Okay, so today I got a call from Bitchtits informing that two packages came for me from the U.S., one of them from Feisty Media. At first, I assumed this was Feist serving me a subpoena for taking her name, then remembered that it was actually Turk Mason/Melrose/Something sending a congratulatory pic my way. I couldn't exactly tell Bitchtits that, so I made up some bullshit excuse that one of my friends from High School got an internship at a media company that did album artwork, so he just sent them from the mailroom in there. Honestly, even I'm surprised at how fast I managed to pull that one out of my ass.
So I went over to Bitchtits' house, where, sure enough, there was a very pretty, very NSFW signed pic of Turk, which I've since added to my small (but growing) pile of things gay porn stars have signed for me. It's a work in progress. Oh wouldn't my mother be proud to know that I know the lead actor in Bareback Mountain (For the record, YES, that is a real movie, YES, Turk starred in it, YES, this is the greatest thing ever).
Admit it: This is without a doubt the coolest thing you'll see all day.
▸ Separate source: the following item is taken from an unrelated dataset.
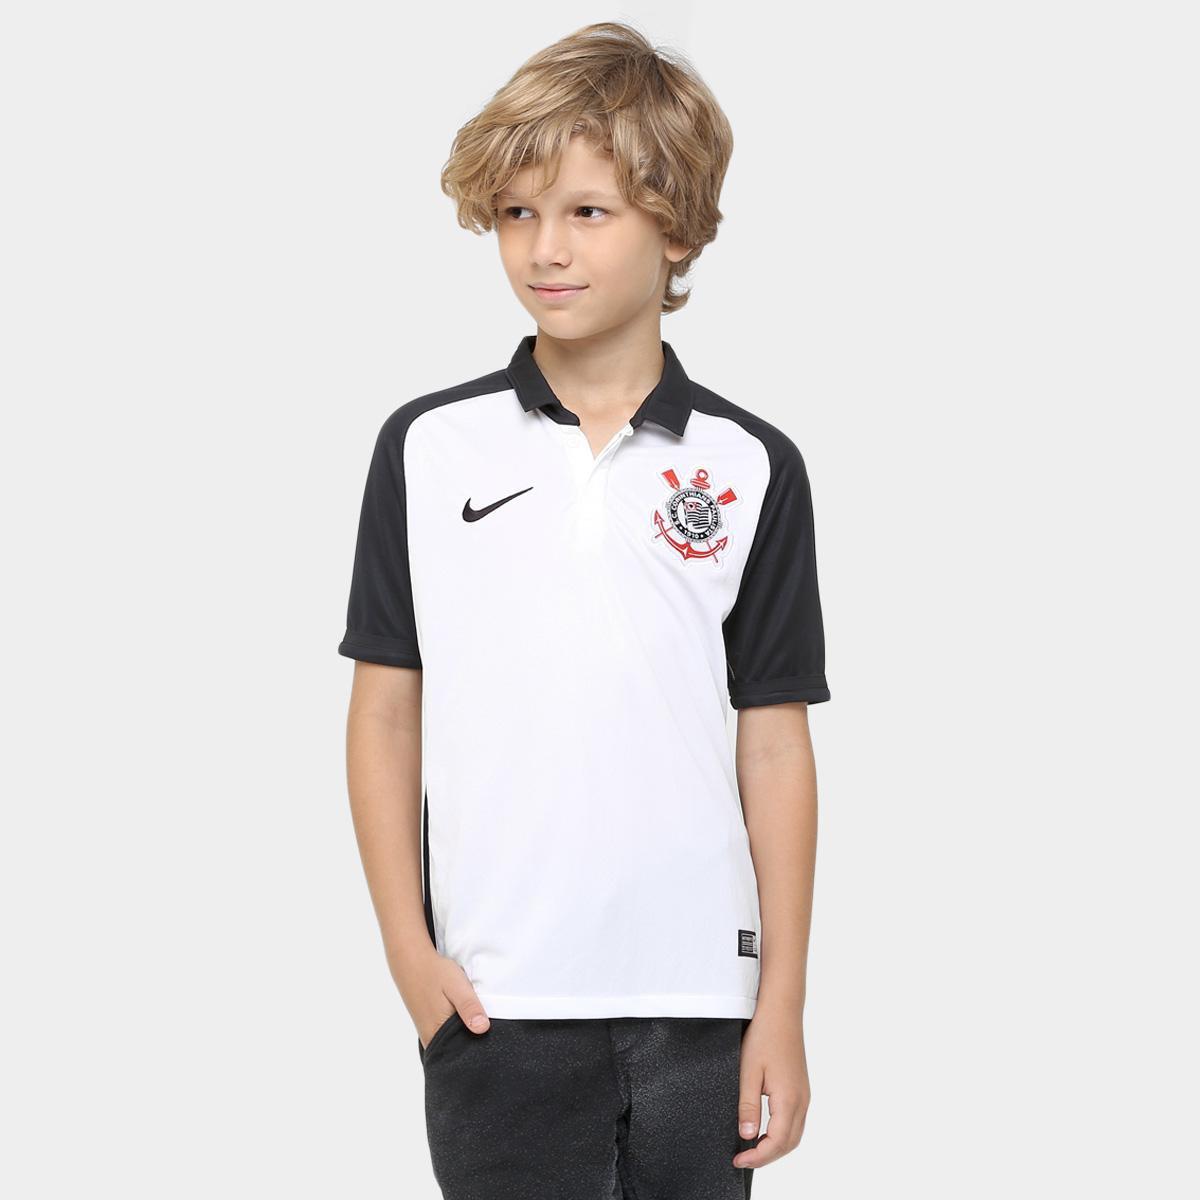 0e22aa7b0f136 Camisa Corinthians Infantil I 2016 s nº - Torcedor Nike Masculina - Compre  Agora

Also, not to worry, I fully appreciate the irony that my future porn name and a studio's porn name are the same. Actually, I laughed a little when I heard.
After searching around for the box of cigars that should have rightly been mine but was totally jacked from me at the last minute, I found out that it had already been open, and was already halfway finished. So I stole Bitchtits' cell phone charger and went shopping. Don't bother trying to follow that line of logic, 'cause even I'm not gonna bother.
I went to HMV to (finally) pick up albums from Fleet Foxes and MGMT. I haven't actually listened to them yet, since the CD/DVD drive on my laptop is being a cunt. But that's not the point. The point was that while standing in line to fork over money to one of the many overly-pierced hipster cashiers, I noticed a 2009 calendar featuring (of all things) The Love Guru. The fact that someone would actually pay money for a calendar featuring an incredibly unfunny movie from last years makes me want to punch God in the face.
But it got me thinking, people need calendars, and Godtopus knows the Eloquents are by far the most sexy/perverted people ever (seriously, Jay and Sarah, please fuck each other already). I'm pretty sure the ideas been discussed, but what if we got the sexiest of the Pajibans and made a sexy calendar for charity? We could make spoof movies a la Bareback Mountain, pose for the poster, and then sell them, and give all the money to Alabamapink? Admit it, you know you love it.
Anyways, that's all for now. I'm off to go convert all my american money back to our crappy monoploy-esque Canadian bucks, walk Kahlua, and maybe by another pack of Passive-Aggressive Revenge Cigarettes. Lates.